We are using software that is tied to 32-bit Windows operating system and we are running into major issues as we hit the PVM limits of the system. We already have the large address aware enabled to allocate 3GB address space for our application. Is there anything we can do to work around these limits (from the OS perspective), or are we stuck with our only options being upgrade to 64-bit OS or break-up the application into multiple processes?
Thanks in advance!
@DW: You could push it to 3300 with the /UserVA=3300 boot.ini switch (or bcdedit equivalent). The extra 300Mb isn't much more though (compared to /3Gb), and you'll put a lot of pressure of NPP and PP to fit in the remaining 700Mb. Note, if you use an x64 OS, you'll still only get 4Gb (with the x86 program). You need to get an x64 app on an x64 OS to really benefit from extra (>4Gb) memory.
@DW: If you want to use more than 3GB (3.3 with /USERVA= switch) from within x86 application, you should use EITHER multiple processes OR use some mechanism p. e. AWE to indirectly manage further memory pages.
(note: I'm not a Mark Russinovitch so I can be wrong :-)

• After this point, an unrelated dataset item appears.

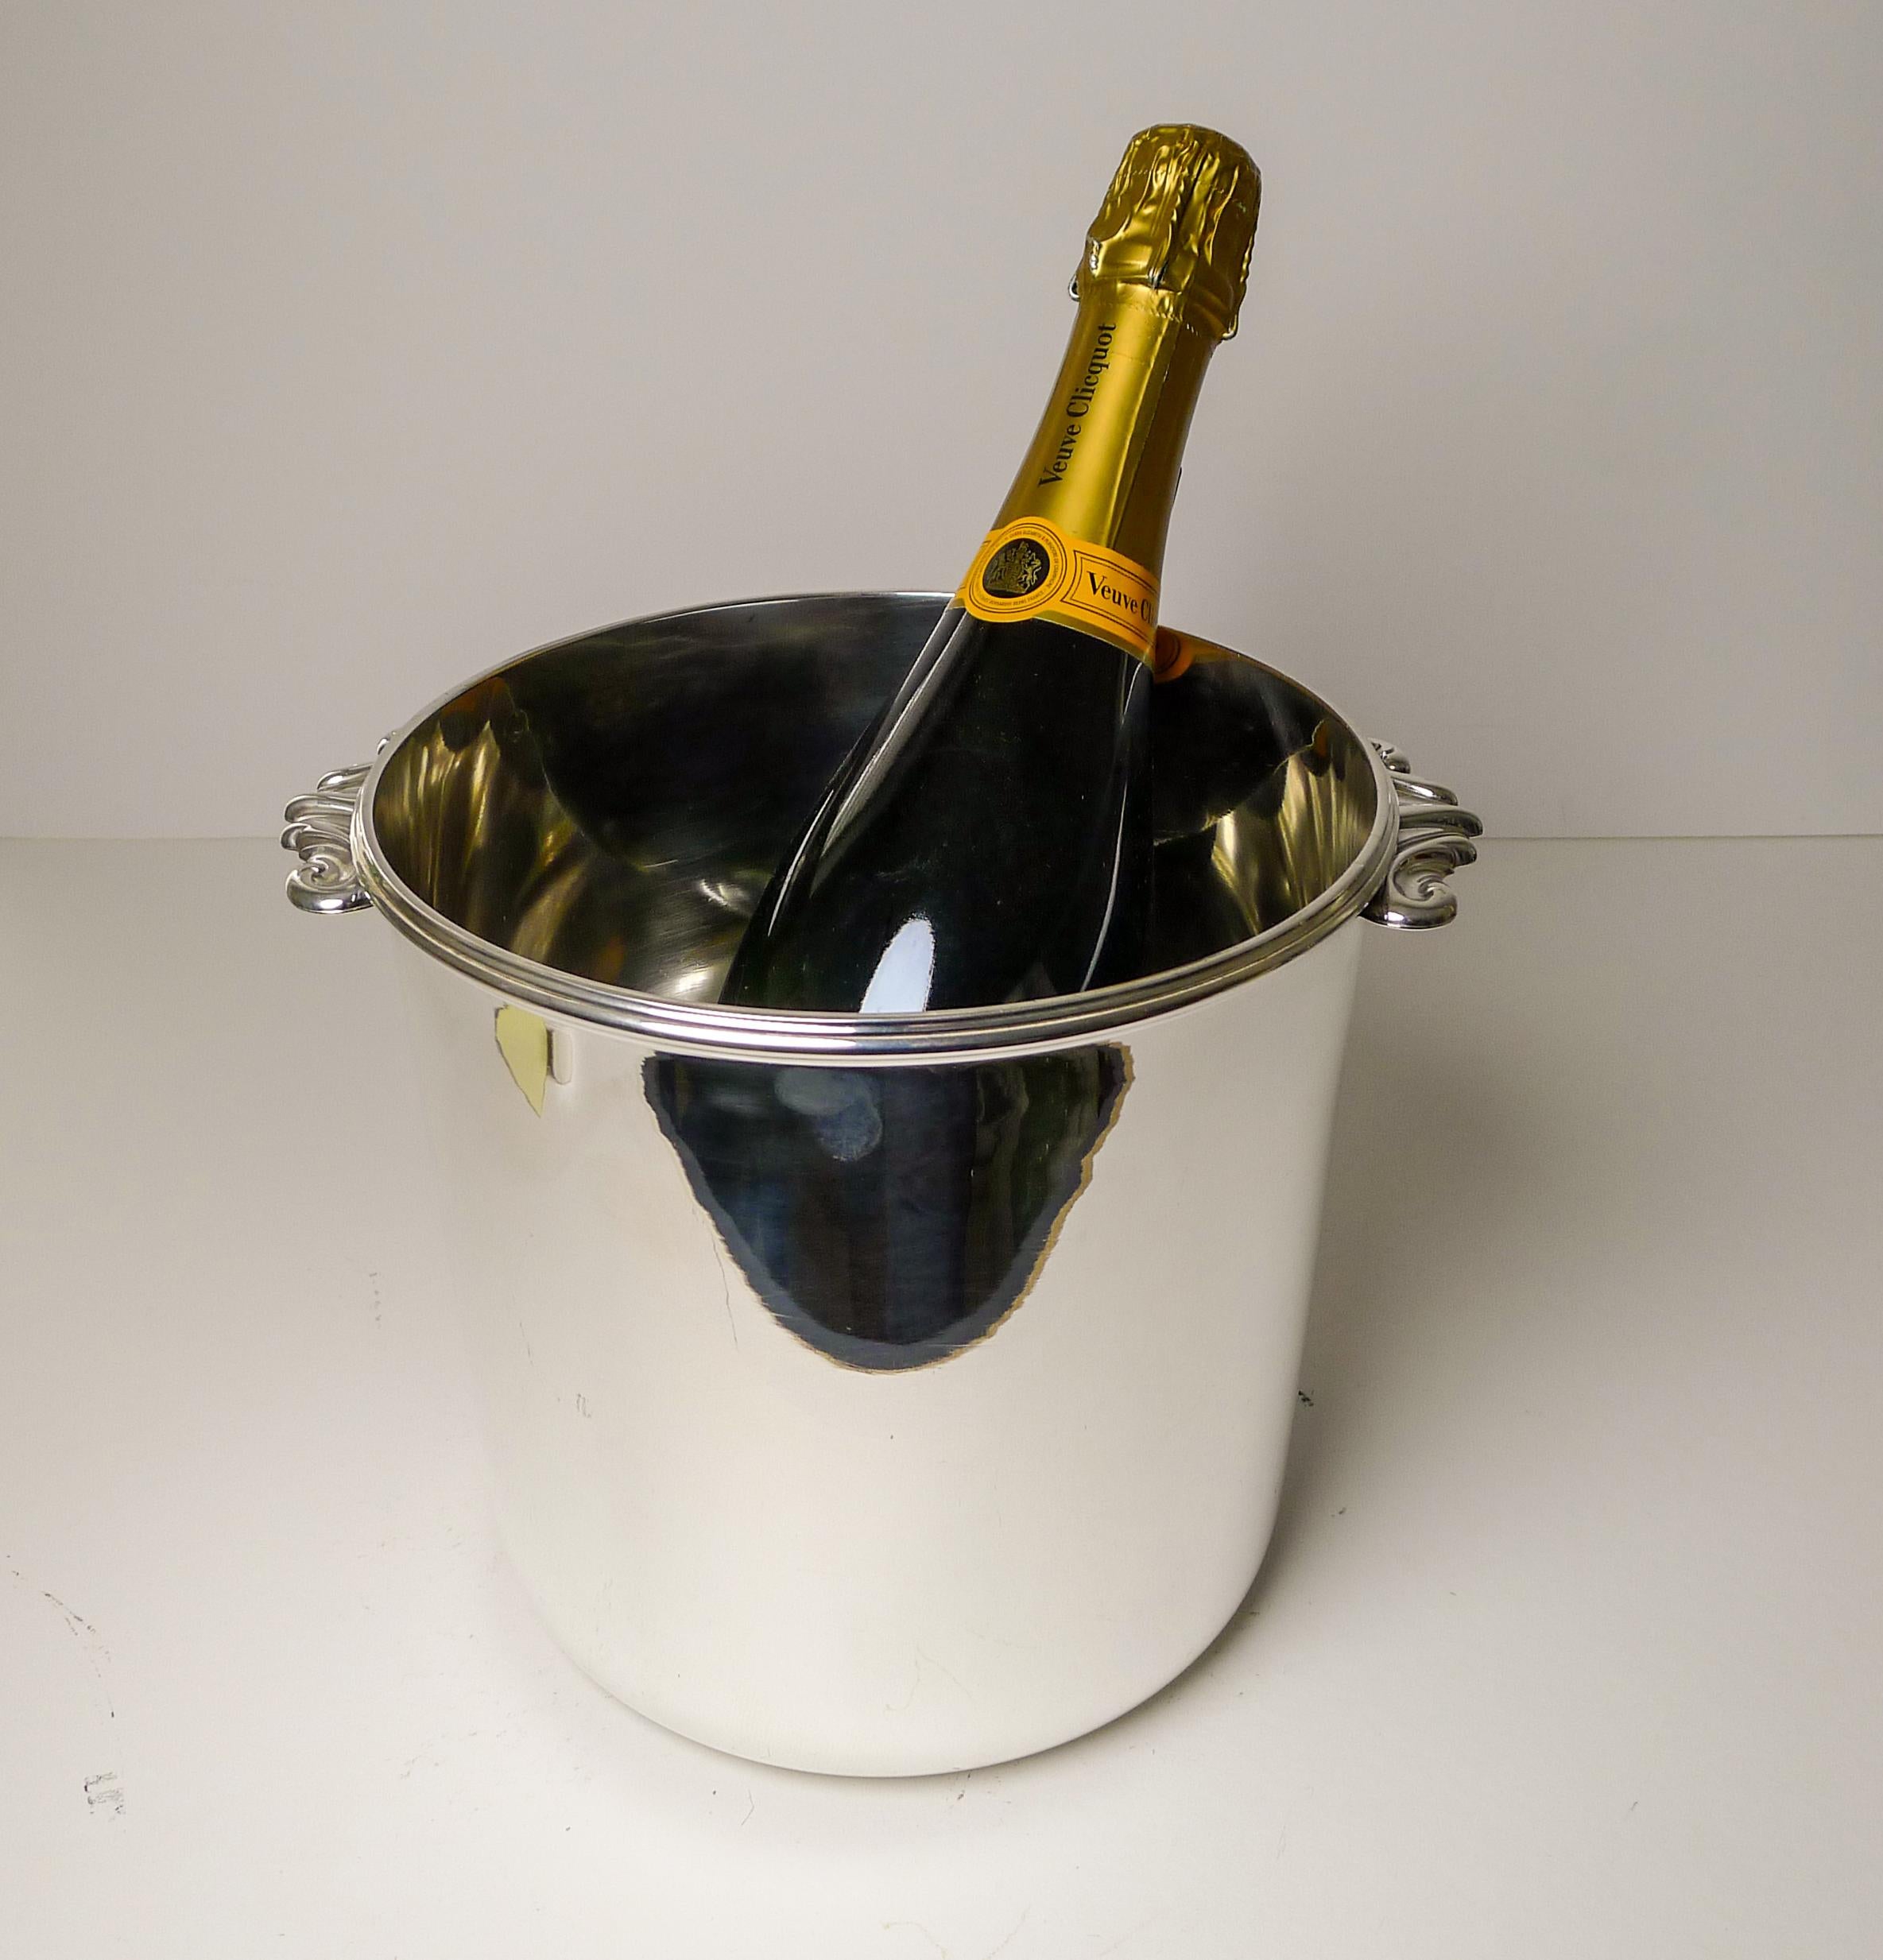 Vintage French Silver Plated Wine or Champagne Cooler / Bucket, Puiforcat For Sale 9

I've read this series of articles and the Microsoft Windows Internals book. Thank you very much. I haven't found anything this informative since Peter Norton's books (way back when).
I have an issue I can't let go.
By design, 32-bit Windows total Virtual address space is 4GB. Thus for me - Pagefile Size + Physical Ram must be less than or equal to 4GB total. If the physical ram is 4GB and the pagefile is 2GB, then nothing in the pagefile is used by the system during normal operations. The pagefile would only be used for a crashdump. Of course, this "might" change if using an application that is AWE aware.
By design, x64 total Virtual address space is 16TB (8BG User/8GB System). As you say in this article, "Windows can having paging files that are up to 16TB in size". KB Article 294418 lists the maximum paging file size as 256TB. They assume the 16TB limit and allow for 16 pagefiles. This doesn't make any sense to me as the virtual space is limited by the operating system at 16TB. I've seen this 256TB pagefile notation several times. I can only think that you would need a pagefile over 16TB if x64 supported some sort of AWE mechanism. So far, I haven't heard about one.
If you are following up at this late date, I want to understand. Again Thanks.
According to this post, when running a large address aware 32-bit application in a 64-bit windows 7 the application could use the full 32-bit address space (4GB). This makes sense to me, however when running Visual Studio 2010 the limit is reached around 2GB.
Why is this happening? I checked with dumpbin /header and the devenv.exe it can handle large addresses (when run "editbin /largeaddressaware devenv.exe", don't know how it was before).
I would like to understand why.
The limit is per process and not per computer. Windows itself (the Kernel) seems to use AWE.